GOP's Anti-Pork Nominee
An Inside Report by Robert D. Novak
WASHINGTON, D.C. -- Mississippi's top two Republicans took sharply different views of Sen. John McCain as he moved toward their party's presidential nomination. Gov. Haley Barbour went on the Fox News Channel as primary returns came in Tuesday night to suggest the time was near to stop the contest and accept McCain as the winner. A few days earlier, Sen. Thad Cochran declared that his colleague from Arizona was not fit to be president.
Barbour's words were in character; Cochran's were not. A lifelong professional politician and former Republican national chairman, Barbour was following GOP tradition of closing ranks once it becomes obvious who will be nominated. During 35 years in Congress, the soft-spoken, gentlemanly Cochran seldom has uttered a harsh word about anybody. So, why did he tell the Boston Globe last week "the thought of (McCain) being president sends a cold chill down my spine"? Because Cochran is the Senate's reigning king of pork, and McCain would be the most implacable foe of pork ever nominated for president.
Anathemas against McCain pronounced by conservative radio talk show hosts leading up to Super Tuesday were genuine protests against his frequent ideological deviations from Republican orthodoxy and had nothing to do with pork barrel spending. Their anguished assaults did not slow down McCain or help their suddenly chosen favorite, Mitt Romney. The worry ahead for McCain is that politicians such as Cochran may torpedo the presidential nominee's campaign and depress the party base for November.
In belatedly endorsing Romney on Jan. 23, a week before the decisive Florida primary, Cochran called McCain "erratic" and "hot headed." That sounded so little like good old Thad Cochran that many Republicans guessed he must have been misquoted. But he stood by the "cold chill" quote, going live on MSNBC last Friday to say McCain "serving as president really does concern me."
Unlike Rush Limbaugh, Ann Coulter and Sean Hannity, Cochran does not object to McCain for ideological reasons. Their lifetime American Conservative Union (ACU) voting records are in the same range -- 82.3 percent for McCain, 80.3 percent for Cochran. They each were marked down by the ACU for voting against a border fence and voting for embryonic stem cell research.
When I asked a close Mississippi associate of Cochran's what was bothering him, he had a one-word answer: "earmarks." Cochran's and McCain's votes have gone separate ways on spending limitations, earmarks and an unsuccessful attempt to stop spending to relocate a freight line in Mississippi. The nonpartisan Taxpayers for Common Sense ranks Cochran as the No. 1 porkster in Congress, collecting $774 million worth of earmarks in 2007. He has earmarked over $88 million for Army Corps of Engineers projects in the Yazoo Basin, including $10 million for a flood control plan opposed by environmentalists.

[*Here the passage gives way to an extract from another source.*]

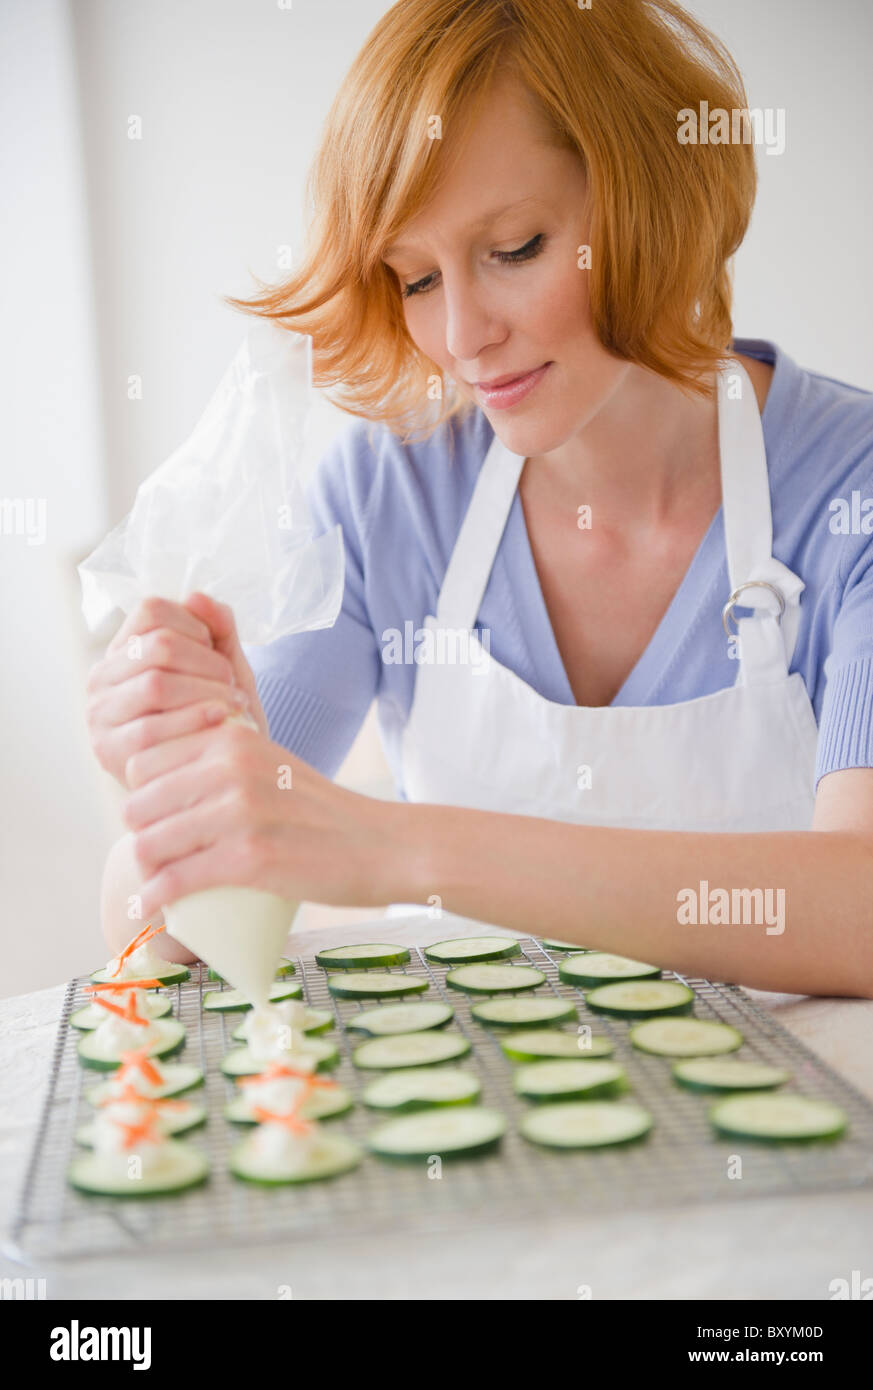 Young woman preparing appetizers Stock Photo

McCain brandishes a crucifix in the face of his party's earmarking Draculas. Sen. Tom Coburn of Oklahoma, the intrepid anti-pork crusader who has a 100 percent ACU record, has endorsed McCain. While House and Senate Republican leaders have fudged on earmarks, McCain says flatly that as president he will veto any bill containing earmarks. That pleases rank-and-file conservative voters, who are told by radio talkers that McCain is no better than Hillary Clinton.
McCain strategists believe that voters who listen regularly to Rush Limbaugh never were likely to vote for the senator on Tuesday. The McCain camp was much more concerned by some $10 million that Romney poured into California during the last week in heavy media buys that trashed McCain as a non-conservative. McCain spent almost nothing there but won by 190,000 votes in a primary limited to registered Republicans, who were less bothered by him than fellow senators and radio talkers.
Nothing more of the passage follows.